The plate-spinning act you have to perform in order to keep everything from crashing down around you means you have to make compromises and alter your priorities. You may want to reduce the power of the church and increase healthcare for your citizens, but the only option available is charitable hospitals run by the clergy. Public education may be your goal, but if that’s not an option, then surely private schooling is better than none at all, right?
It helps that the game isn’t really about winning as much as it is experimenting and learning. The abstract and ambiguous nature of the player’s role in affairs (the disembodied spirit of the nation? A tiny goblin who appears in politicians’ bed chambers and yells “OI, YOU WITH THE HANDLEBAR MOUSTACHE, ENACT UNIVERSAL SUFFRAGE OR ELSE!” I have no idea, honestly) means that you can happily weather revolutions and regime changes, continuing to poke and prod the populace. Failure can be just as fun as success, as I discovered after leading Belgium all the way into the twentieth century before causing economic collapse and civil war with an overambitious extension of the welfare state. Oops.

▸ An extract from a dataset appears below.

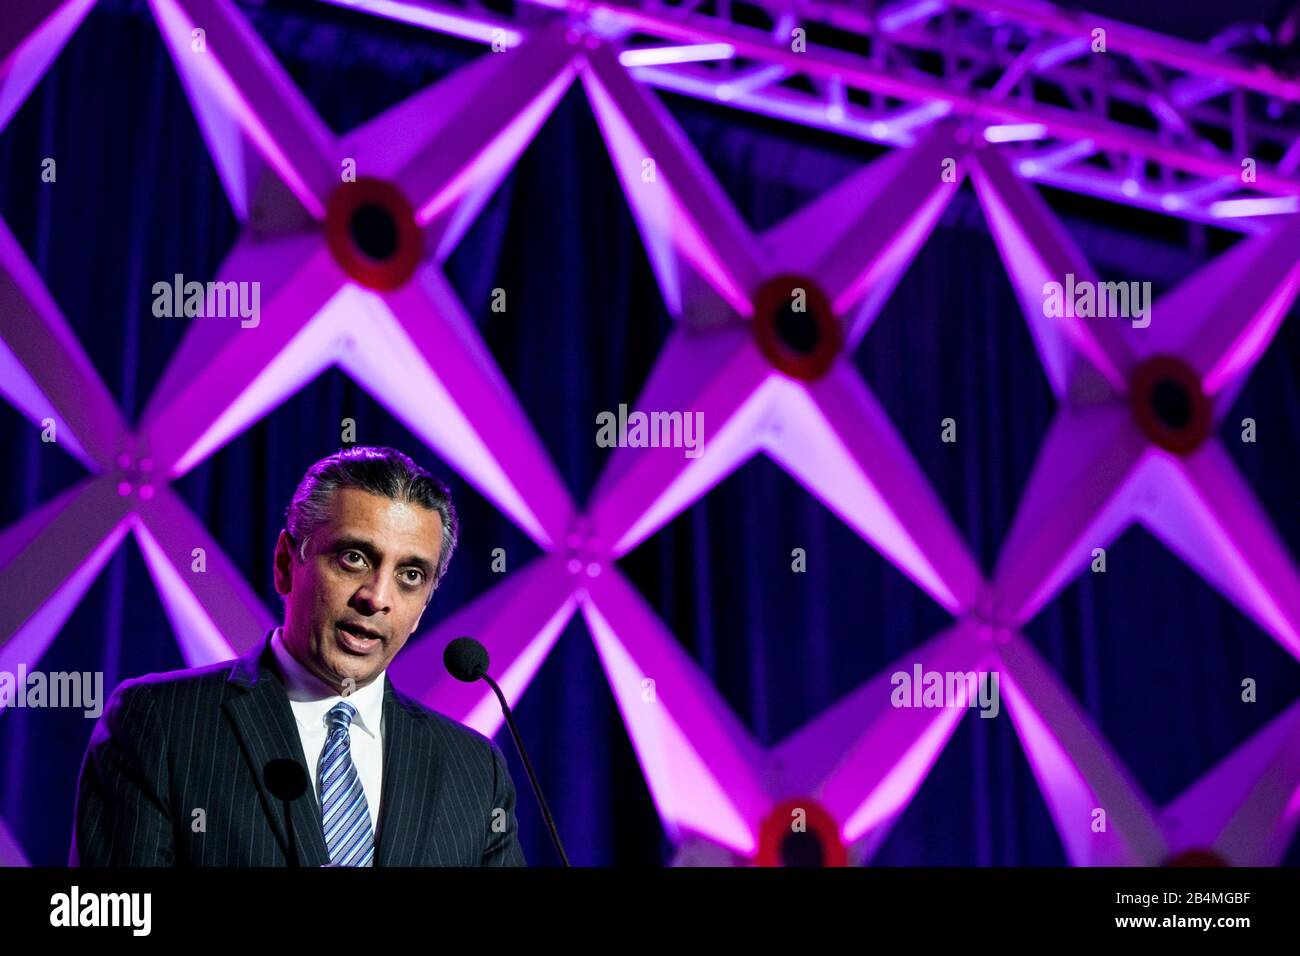 Raj Subramaniam, President, Chief Operating Officer and Director, FedEx Corporation, speaks at the U.S. Chamber of Commerce Aviation Summit in Washing Stock Photo

Making entertainment media rooted in the recent past is never easy. The interactive nature of games makes that even trickier, and Paradox is no stranger to certain groups deciding that presenting historical reality is equal to endorsement. Victoria 3 succeeds at rendering a tumultuous chapter in world history with a straightforward grace that educates as much as it entertains, encouraging reflection and empathy in the process.